À certaines heures, sans pour autant sombrer dans un pessimisme désespéré, je ne peux m’empêcher d’imaginer notre monde comme un immense paquebot sophistiqué ayant une énorme voie d’eau. Lorsque peut-être les nouvelles sont plus noires que d’habitude, je me sens comme un de ces musiciens. Plus exactement, je me sens comme tous les musiciens à la fois et j’entends : « Pourquoi perds-tu ton temps à peindre des choses inutiles lors même qu’il y a tant de vies à sauver? » « Pourquoi ne pas rejoindre l’équipage, ne pas trouver un travail comme tout le monde et subvenir correctement aux besoins de ta famille, comme un vrai homme? » « Regarde autour de toi, chacun court et s’affole, personne qui n’écoute la musique de ta peinture. C’est folie et présomption. Va donc rejoindre un canot de sauvetage. » J’essaye de contrôler cela et tache de me convaincre « Ça va s’arranger… Fais un effort, soit fort, ne faiblis pas, durcis toi, c’est ton devoir de rester à ta place… » Mais rien n’y fait…

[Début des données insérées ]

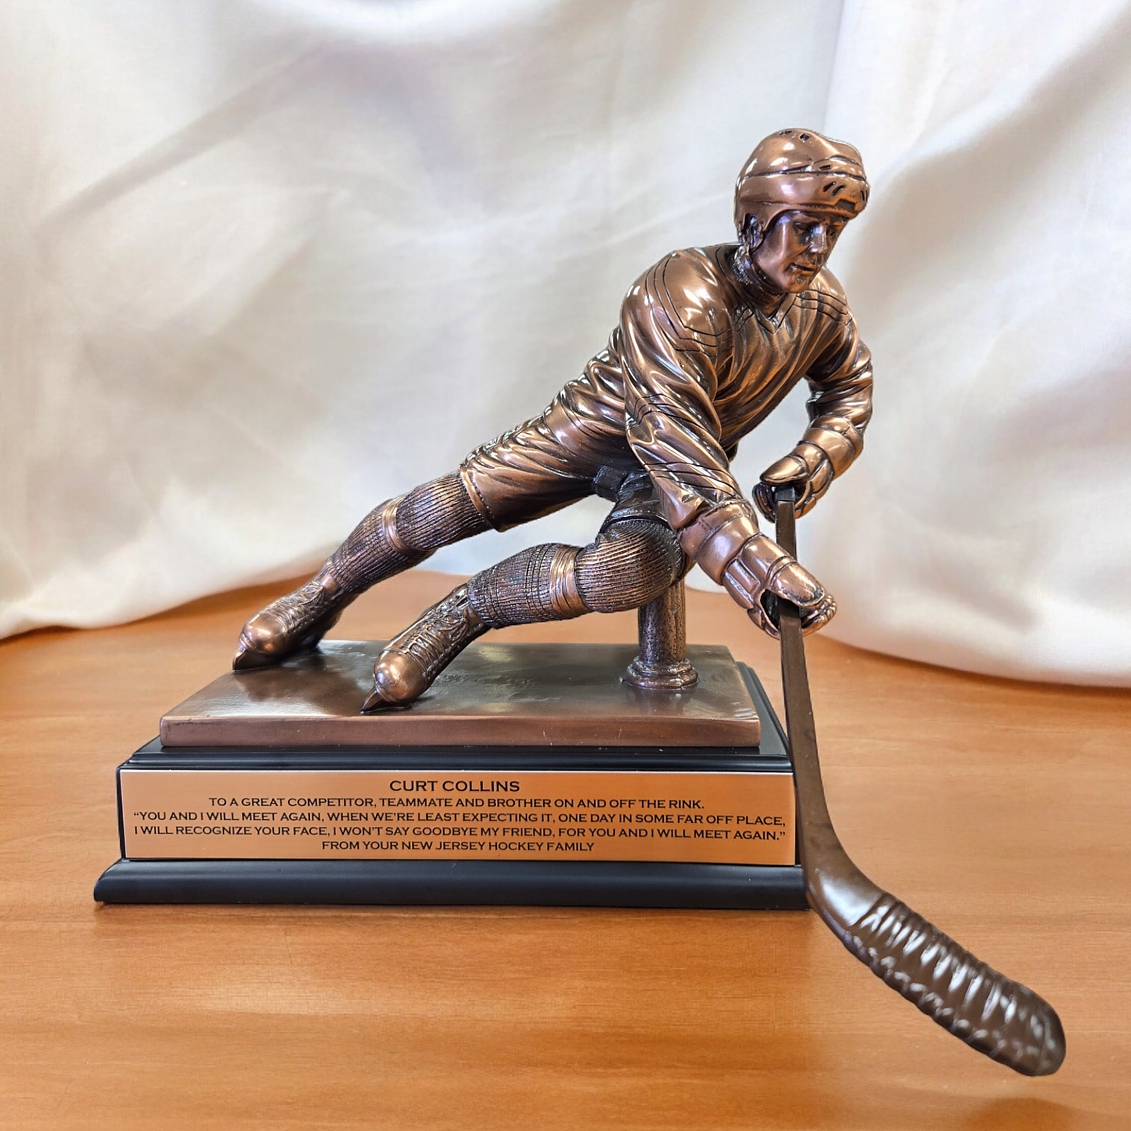 Hockey Trophy RFB023 features a resin statue coated with a bronze metal for added detail & strength. The hockey player is in full uniform with his stick in hand. It's mounted on a black base that includes a matching bronze plate that is personalized. It's 12" x 10" in size & weighs over 8 lbs.

Souvent, lors même que je peins, ces voix, comme de noirs nuages lointains, m’accompagnent et cherchent à tenir le pinceau à ma place. Lorsqu’elles se font trop présentes, il est l’heure de re-choisir. Calmement, avec raison, je reprends le fil de l’histoire et m’interroge : « Pourquoi fais-tu ce que tu es en train de faire? Que vises-tu? »
M’arrêter, jeter un oeil vers « ceux qui jouent de la musique avec moi », repartir du premier instant fondateur, faire mémoire du chemin parcouru et re-choisir ma vie dans une perspective éternelle (déjà présente) est la seule chose qui fasse taire ces voix. Choisir de nouveau « ce qui est », cette situation concrète, simplement parce que cela est juste, cela est raisonnable, cela est ma vie, m’apporte à chaque fois davantage que tous mes efforts de vertus, il est vrai, bien limités. C’est finalement le seul moyen que je n’ai jamais trouvé pour garder le paix à portée, pour résister à l’immense tentation de la panique, à cette étrange fuite – vers qui? Vers où? – qui pousse au divorce d’avec soi-même et par voie de conséquence, d’avec ses proches.
Sûrement, cela ne va pas s’arranger dehors, le Titanic finira par sombrer, nous le savons. Vas-tu donner ta voix à la déroute générale ? Regarde. En est-il un qui sache vers où il court? Que vas-tu faire pendant ce temps là? Je vais continuer à jouer ! Je le ferai du mieux possible, le plus intensément possible, je le ferai jusqu’au bout et qu’importe si cela n’est qu’une poignée de notes inutiles. Je sais pour qui je les joue…
Violon de Wallace Harley [3] que personne n’aurait voulu tenir dans ses mains à l’heure du naufrage a été vendu aux enchères, 101 ans après le drame au prix de 1,5 millions de dollards.
Les musiciens du Titanic ont joué, ensemble, jusqu’au bout. Ils n’étaient certainement pas les plus virtuoses de ce début de siècle, encore moins les plus connus. Pourtant, au coeur de l’océan leur chant s’est mêlé aux étoiles. Pour beaucoup, ces notes ont été les derniers signes d’une humanité présente, une porte qui soudain s’ouvre sur plus grand. Un signe juste et profond, la dernière chose qu’ils aient entendue avant que la mer glaciale ne s’ouvre sur leur ciel. Davantage que toute agitations, nécessaire logistique et rappel à l’ordre, elles ont su les prendre par la main et les mener plus loin qu’aucune autre main n’aurait pu le faire.